Given information:
<<<<
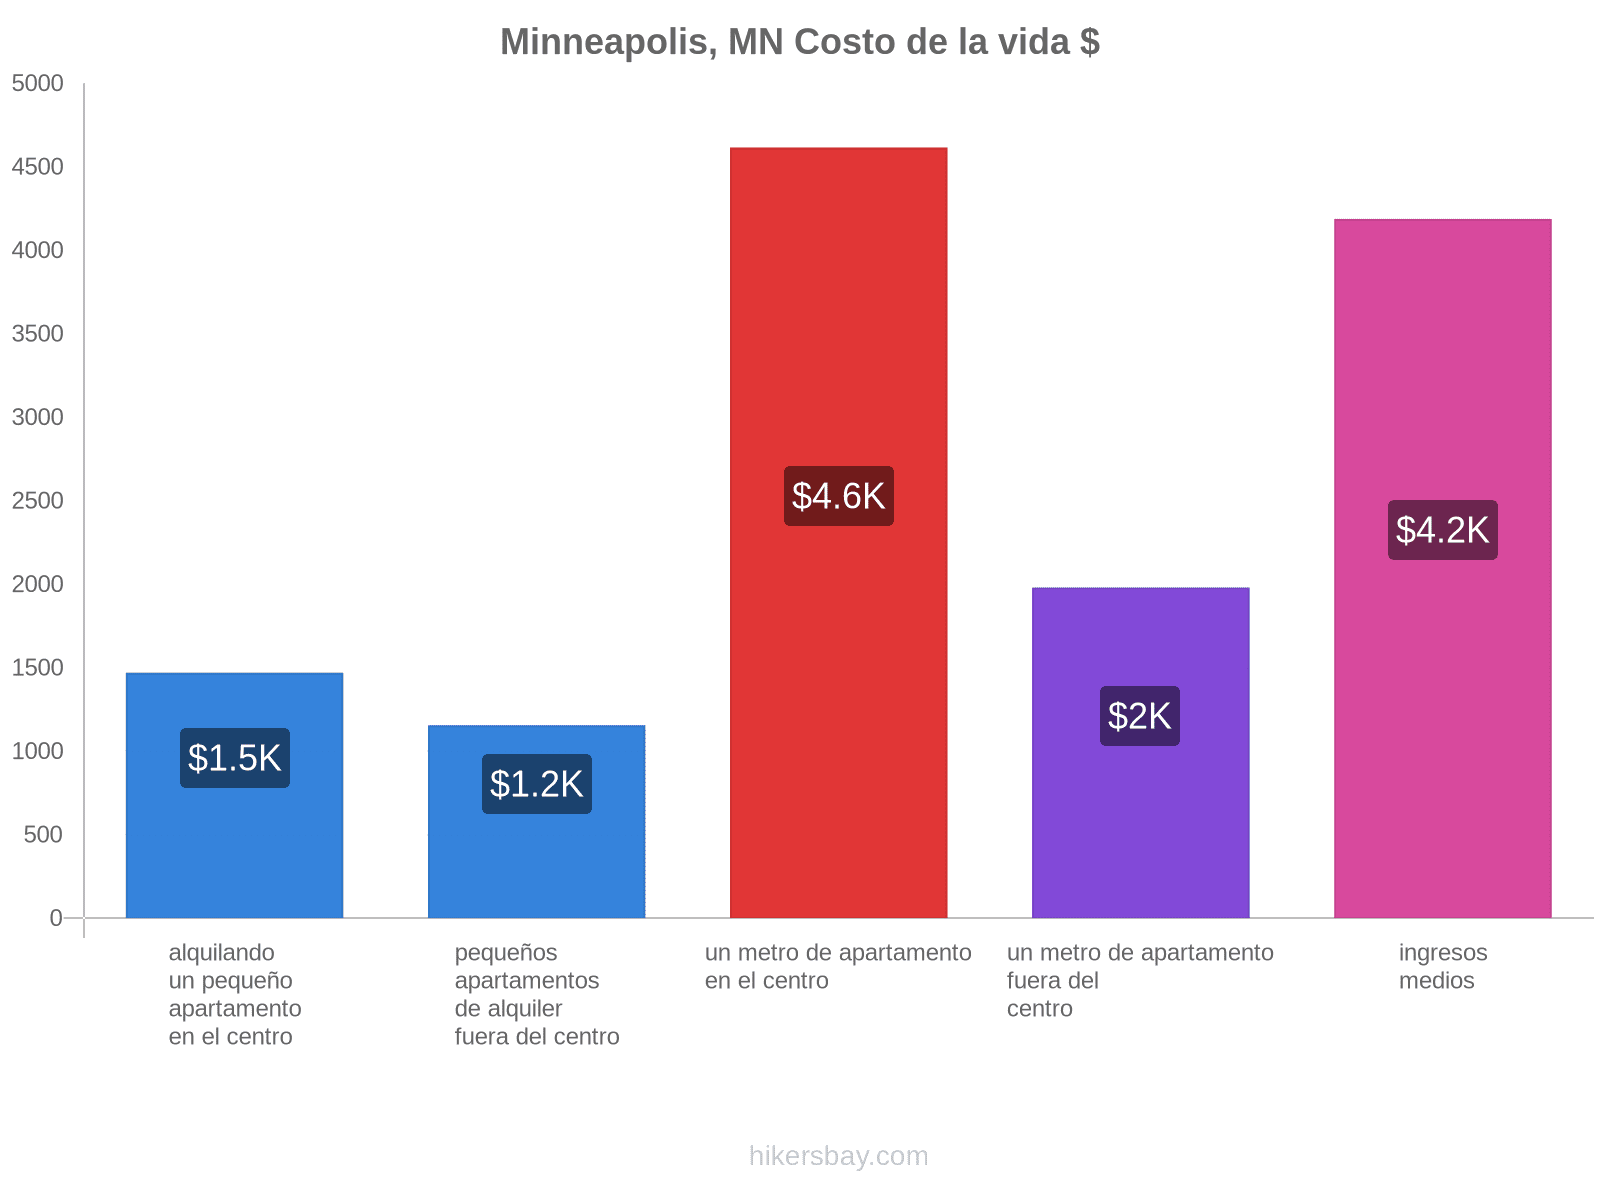 Minneapolis, MN costo de la vida hikersbay.com
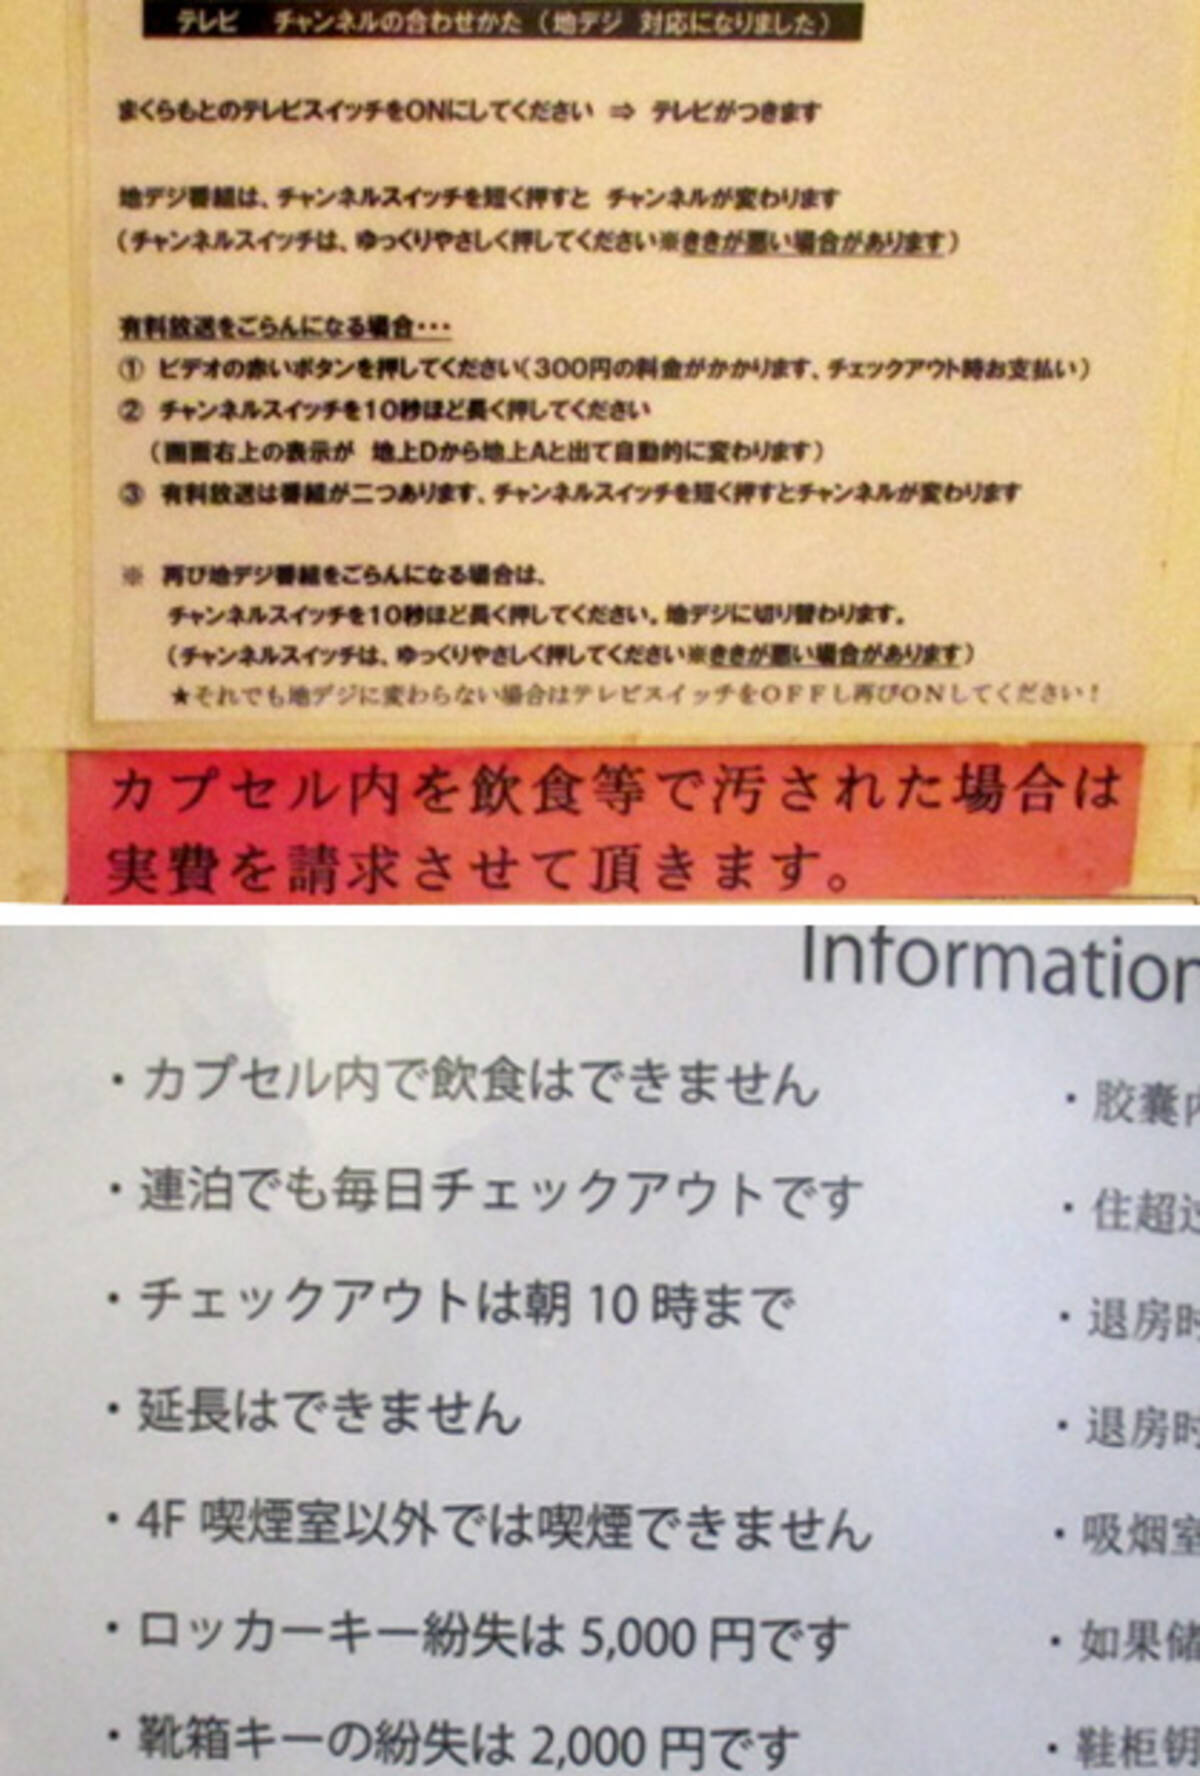 日本独自の文化 カプセルホテルでトンデモナイ 注意書き が急増中 17年5月9日 エキサイトニュース
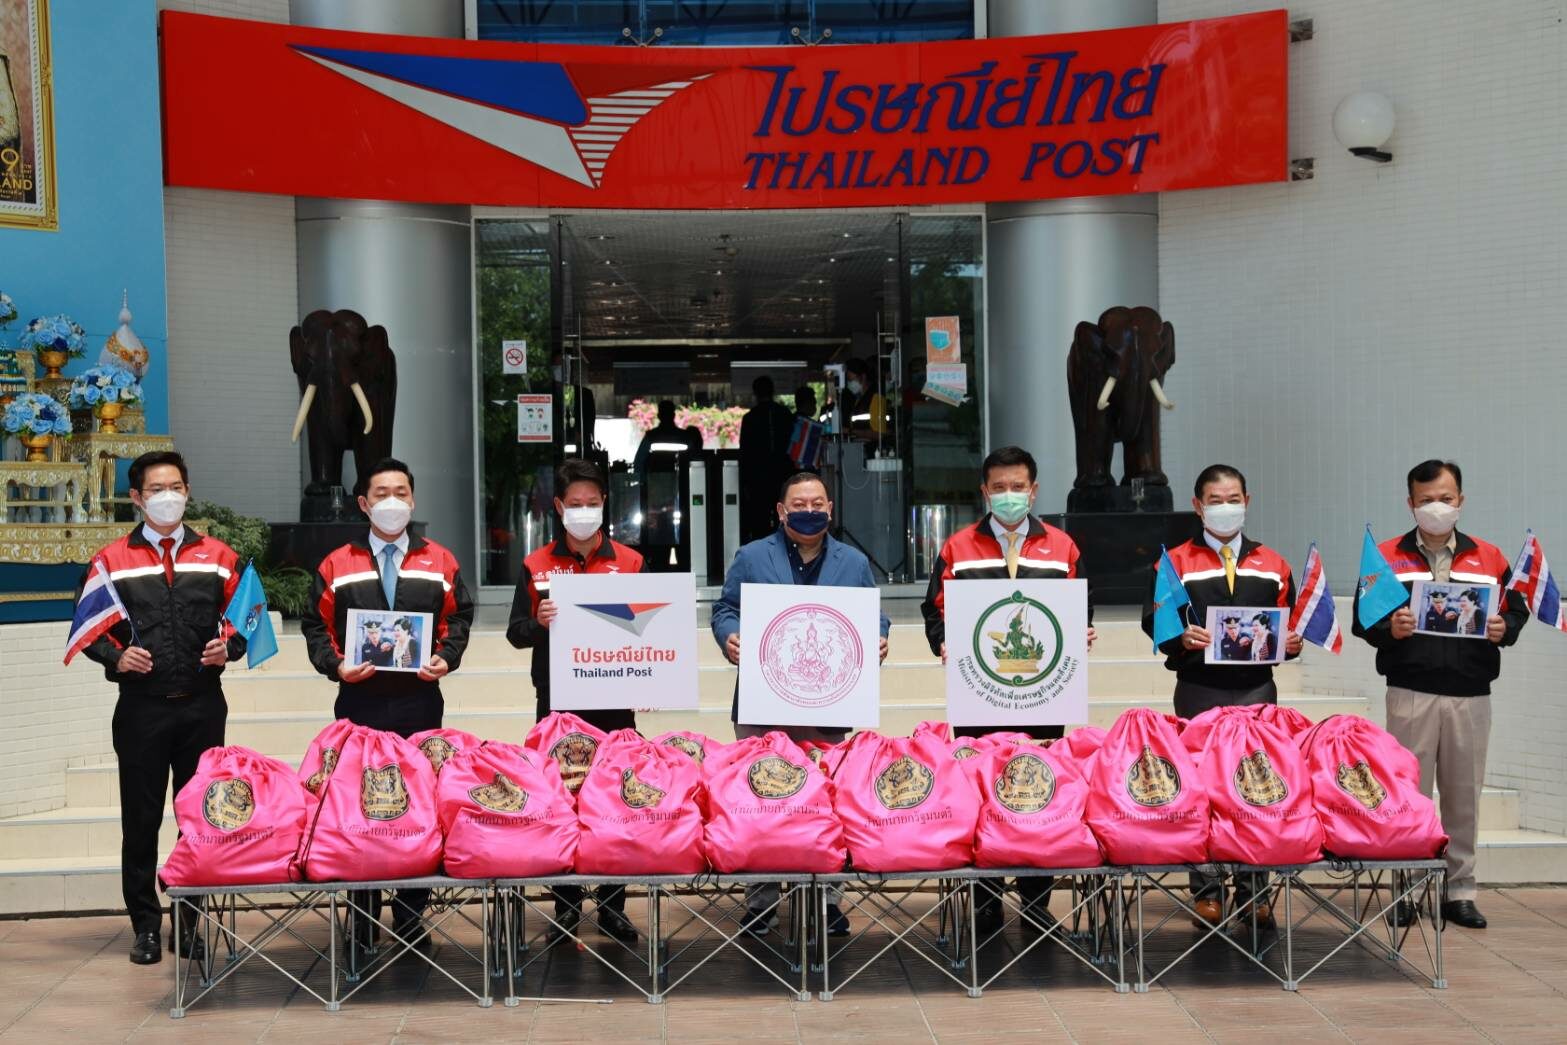 ดีอีเอสมอบไปรษณีย์ไทยหนุน พม. ส่งถุงยังชีพ 3,231 ชุด ช่วยผู้ป่วยติดเตียง-กลุ่มเปราะบางในกทม.
>>>>
Work item: Set down the material above word for word and skip its pictures.

Output of the task:
 Minneapolis, MN costo de la vida hikersbay.com
 日本独自の文化 カプセルホテルでトンデモナイ 注意書き が急増中 17年5月9日 エキサイトニュース
 ดีอีเอสมอบไปรษณีย์ไทยหนุน พม. ส่งถุงยังชีพ 3,231 ชุด ช่วยผู้ป่วยติดเตียง-กลุ่มเปราะบางในกทม.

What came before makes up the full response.